Le sbarre del Concordato

Di Giorgio Spini - 3 marzo 2008

È stato chiesto ai cristiani evangelici perchè sono insieme ai radicali che hanno in programma cose molto gravi.

Sarebbe molto facile rispondere con la verità di La Palisse, ma è del tutto ovvio che l’on.Bandiera non ha sposato la teologia calvinista che io professo e che Pannella non è sul punto di entrare in una chiesa evangelica.
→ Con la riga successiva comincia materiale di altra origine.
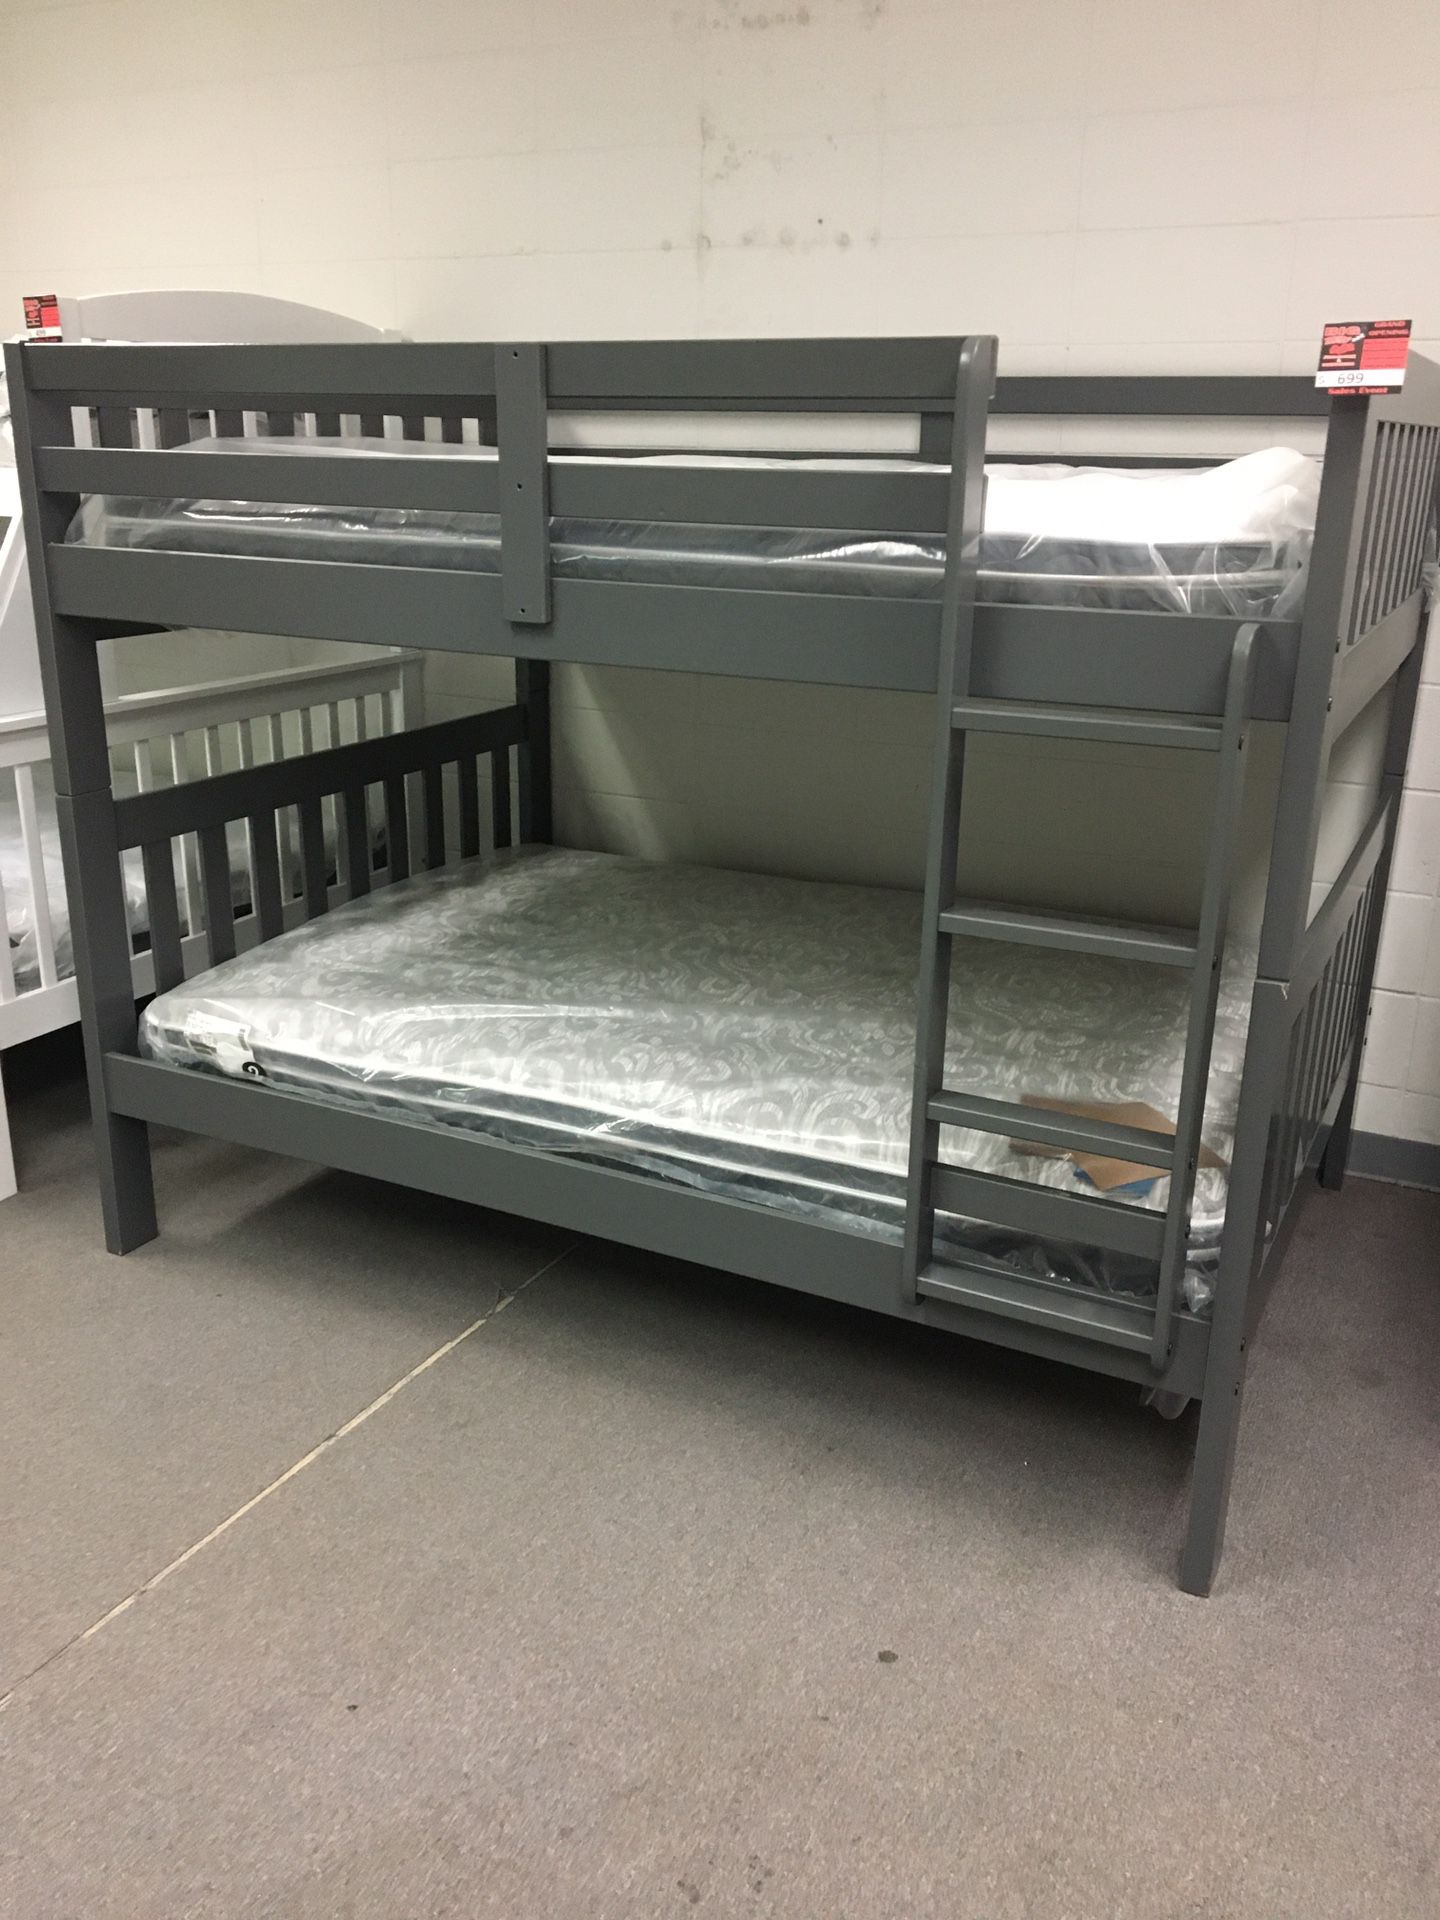 Brand New Bunk Bed !!! Come Get It Before It’s Gone!!!

Quello che stupisce è l’appunto mosso ai soli radicali: Pannella è considerato alla stregua di un lebbroso mentre, per Bandiera, lo scandalo è minore. Come mai? Se, come suppongo, Bandiera è mazziniano, tra la posizione mazziniana e la teologia della chiesa, cattolica o protestante, c’è un abisso. Infatti, da un punto di vista strettamente teologico, il Dio umanitario di Mazzini è una bestemmia infinitamente più grossa di quelle - se sono bestemmie - pronunciate da Pannella. Non vorrei essere cattivo e far delle insinuazioni ma non posso non notare il fatto che Bandiera non si rimprovera perché è repubblicano. In altri tempi, i repubblicani erano violenti e rivoluzionari, ma adesso, insomma…, Pannella, invece, fa i digiuni e tante altre cose…

A questo punto - non so se interpreto il pensiero di tutti i fratelli evangelici - sono convinto che uomini, come Marco Pannella, sono stati scelti come strumento di Dio per fare vergognare la mia chiesa evangelica, le sue infinite mancanze di coraggio e le sue infinite mancanze di coerenza. Noi abbiamo fatto un giorno di digiuno, all’ultimo sinodo evengelico, per protesta contro l’incarceramento degli obiettori di coscienza; l’abbiamo fatto una volta! Pannella ci ha dato l’esempio di una vita spesa e bruciata intensamente, pagando duramente di persona. L’ha mandato Iddio sulla nostra strada per insegnarci che è così che dobbiamo fare e lo ringraziamo del sermone che egli, probabilmente senza accorgersene, ha predicato.